How to complete this task: Given the records below, would you repeat exactly the lines that begin at the one containing "绿釉陶器罐子,高13厘米,直径19厘米,沿口有小磕,底部有冲线如图所示" and end at the one containing "vod regisseur Geval", inclusive?

[Entries provided — start]

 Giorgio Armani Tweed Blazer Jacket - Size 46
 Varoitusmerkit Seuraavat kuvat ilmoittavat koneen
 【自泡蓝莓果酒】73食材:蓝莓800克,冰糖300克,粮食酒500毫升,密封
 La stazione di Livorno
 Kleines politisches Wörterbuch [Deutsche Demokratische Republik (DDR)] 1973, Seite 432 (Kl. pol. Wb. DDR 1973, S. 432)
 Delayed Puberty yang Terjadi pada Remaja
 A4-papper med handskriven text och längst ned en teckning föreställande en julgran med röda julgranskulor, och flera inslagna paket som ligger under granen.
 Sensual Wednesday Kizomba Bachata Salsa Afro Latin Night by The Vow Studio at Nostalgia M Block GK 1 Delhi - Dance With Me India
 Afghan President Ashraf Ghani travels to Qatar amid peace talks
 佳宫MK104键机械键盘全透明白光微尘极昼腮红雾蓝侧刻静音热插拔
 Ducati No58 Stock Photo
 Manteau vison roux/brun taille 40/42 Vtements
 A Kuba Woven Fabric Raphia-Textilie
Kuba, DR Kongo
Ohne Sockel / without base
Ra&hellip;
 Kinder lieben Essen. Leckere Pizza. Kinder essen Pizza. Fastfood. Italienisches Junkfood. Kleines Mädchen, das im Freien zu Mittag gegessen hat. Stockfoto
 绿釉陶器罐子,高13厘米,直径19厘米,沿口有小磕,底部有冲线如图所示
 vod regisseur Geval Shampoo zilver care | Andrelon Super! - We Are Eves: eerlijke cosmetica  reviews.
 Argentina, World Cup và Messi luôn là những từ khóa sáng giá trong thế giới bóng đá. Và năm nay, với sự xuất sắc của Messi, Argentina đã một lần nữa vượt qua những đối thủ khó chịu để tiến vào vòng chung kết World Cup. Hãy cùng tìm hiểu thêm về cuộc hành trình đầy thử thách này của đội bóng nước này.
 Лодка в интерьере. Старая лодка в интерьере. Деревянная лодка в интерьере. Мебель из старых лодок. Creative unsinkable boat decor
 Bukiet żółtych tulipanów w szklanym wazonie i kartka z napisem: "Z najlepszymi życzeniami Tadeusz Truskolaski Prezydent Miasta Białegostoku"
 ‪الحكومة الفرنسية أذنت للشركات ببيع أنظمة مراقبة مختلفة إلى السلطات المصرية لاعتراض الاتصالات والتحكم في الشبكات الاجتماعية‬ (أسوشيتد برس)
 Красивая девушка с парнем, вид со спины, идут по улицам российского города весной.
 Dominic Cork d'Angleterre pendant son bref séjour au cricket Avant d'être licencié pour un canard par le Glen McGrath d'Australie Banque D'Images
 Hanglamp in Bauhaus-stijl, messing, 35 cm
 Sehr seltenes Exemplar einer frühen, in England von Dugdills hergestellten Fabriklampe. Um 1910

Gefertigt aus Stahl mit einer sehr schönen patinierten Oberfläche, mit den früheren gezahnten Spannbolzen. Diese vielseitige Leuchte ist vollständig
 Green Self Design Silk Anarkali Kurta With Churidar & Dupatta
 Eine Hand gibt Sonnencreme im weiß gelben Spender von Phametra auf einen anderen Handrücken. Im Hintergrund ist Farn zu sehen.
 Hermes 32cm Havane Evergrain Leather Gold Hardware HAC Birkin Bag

[Entries provided — finish]

Exercise solution:
 绿釉陶器罐子,高13厘米,直径19厘米,沿口有小磕,底部有冲线如图所示
 vod regisseur Geval Shampoo zilver care | Andrelon Super! - We Are Eves: eerlijke cosmetica  reviews.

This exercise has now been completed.